Reverted back to some older code

author: Tyge Løvset <[email protected]> 2022-05-24 03:37:57 +0200
committer: Tyge Løvset <[email protected]> 2022-05-24 03:37:57 +0200
commit: 99bfc38c2517f1ee20db3d9553be177ae6c960c6 (patch)
tree: 21b542345af86b291cb09f8e3437c344ad80dc0e /include/stc/utf8.h
parent: c7b940f721a17335b700cea4b017f207cdf4e07c (diff)
download: STC-modified-99bfc38c2517f1ee20db3d9553be177ae6c960c6.tar.gz
STC-modified-99bfc38c2517f1ee20db3d9553be177ae6c960c6.zip
1 files changed, 64 insertions, 65 deletions
diff --git a/include/stc/utf8.h b/include/stc/utf8.h
index 50fbefc7..eb84d759 100644
--- a/include/stc/utf8.h
+++ b/include/stc/utf8.h
@@ -26,34 +26,66 @@ int main()
 #include "ccommon.h"
 #include <ctype.h>
 
-/* number of codepoints in the utf8 string s, or SIZE_MAX if invalid utf8: */
 enum { UTF8_OK = 0, UTF8_ERROR = 4 };
 typedef struct { uint32_t state, codep, size; } utf8_decode_t;
 
-/* decode next utf8 codepoint. */
-STC_API size_t          utf8_encode(char *out, uint32_t c);
-STC_API uint32_t        utf8_decode(utf8_decode_t *d, const uint8_t b);
-STC_API const uint8_t*  utf8_next(utf8_decode_t *d, const uint8_t* u);
-STC_API size_t          utf8_size(const char *s);
-STC_API size_t          utf8_size_n(const char *s, size_t n);
-STC_API const char*     utf8_at(const char *s, size_t index);
+/* encode/decode next utf8 codepoint. */
+STC_API unsigned utf8_encode(char *out, uint32_t c);
+STC_API uint32_t utf8_decode(utf8_decode_t *d, const uint8_t b);
 
-STC_INLINE size_t utf8_pos(const char* s, size_t index) 

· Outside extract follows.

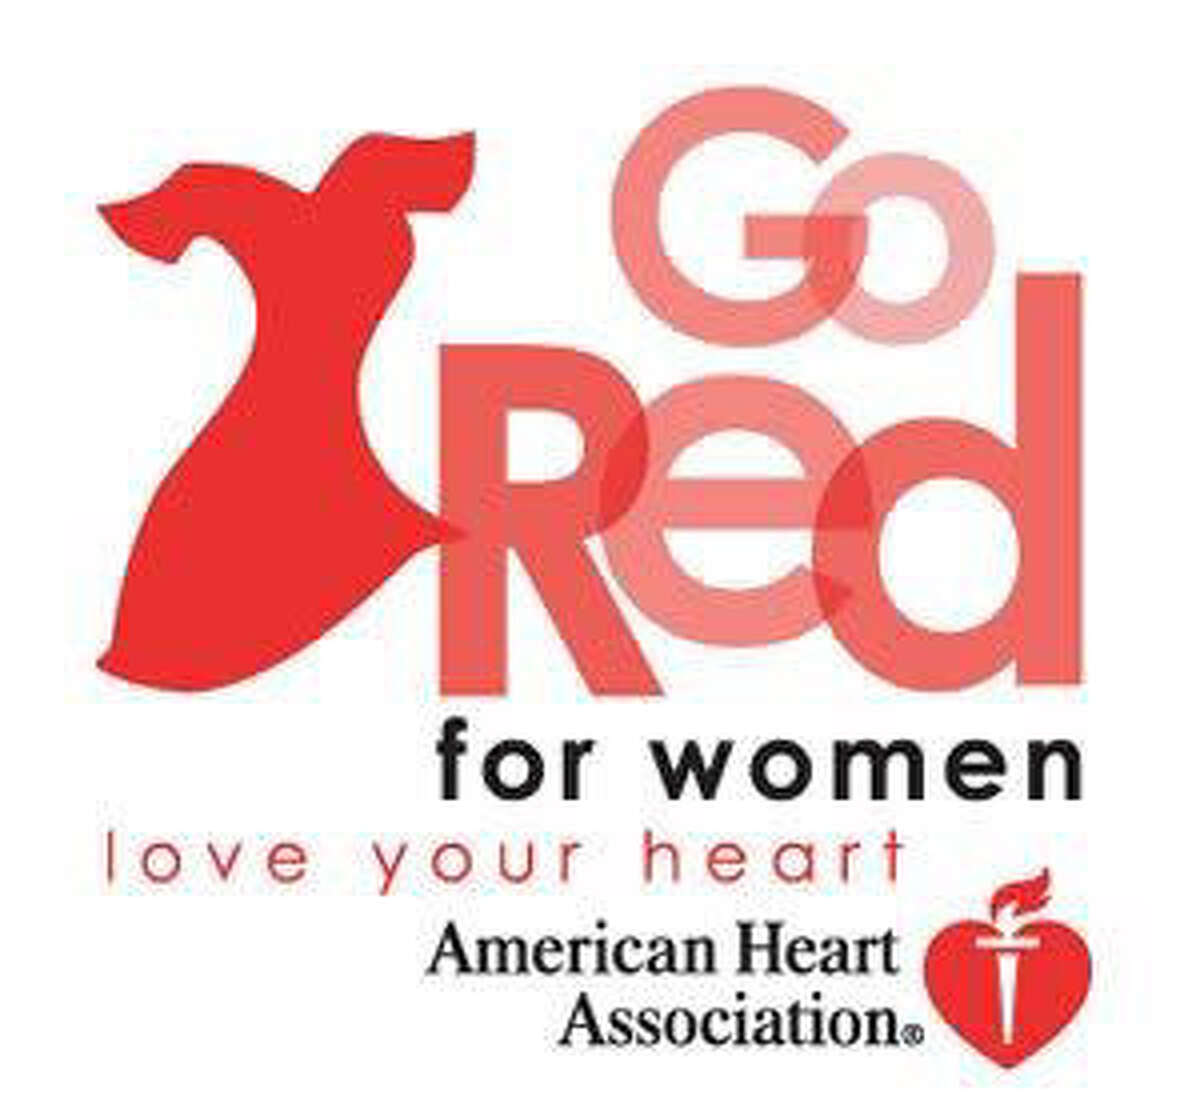 Go Red For Women launches Friday

-    { return utf8_at(s, index) - s; }
+/* number of codepoints in the utf8 string s */
+STC_INLINE size_t utf8_size(const char *s) {
+    size_t size = 0;
+    while (*s) size += (*s++ & 0xC0) != 0x80;
+    return size;
+}
 
-STC_INLINE bool utf8_valid(const char* s)
-    { return utf8_size(s) != SIZE_MAX; }
+STC_INLINE size_t utf8_size_n(const char *s, size_t n) {
+    size_t size = 0;
+    while ((n-- != 0) & (*s != 0))
+        size += (*s++ & 0xC0) != 0x80;
+    return size;
+}
+
+STC_INLINE const char* utf8_at(const char *s, size_t index) {
+    for (; (index > 0) & (*s != 0); ++s)
+        index -= (s[1] & 0xC0) != 0x80;
+    return s;
+}
+
+STC_INLINE const char* utf8_next(const char* s)
+    { return utf8_at(s, 1); }
+
+STC_INLINE size_t utf8_pos(const char* s, size_t index)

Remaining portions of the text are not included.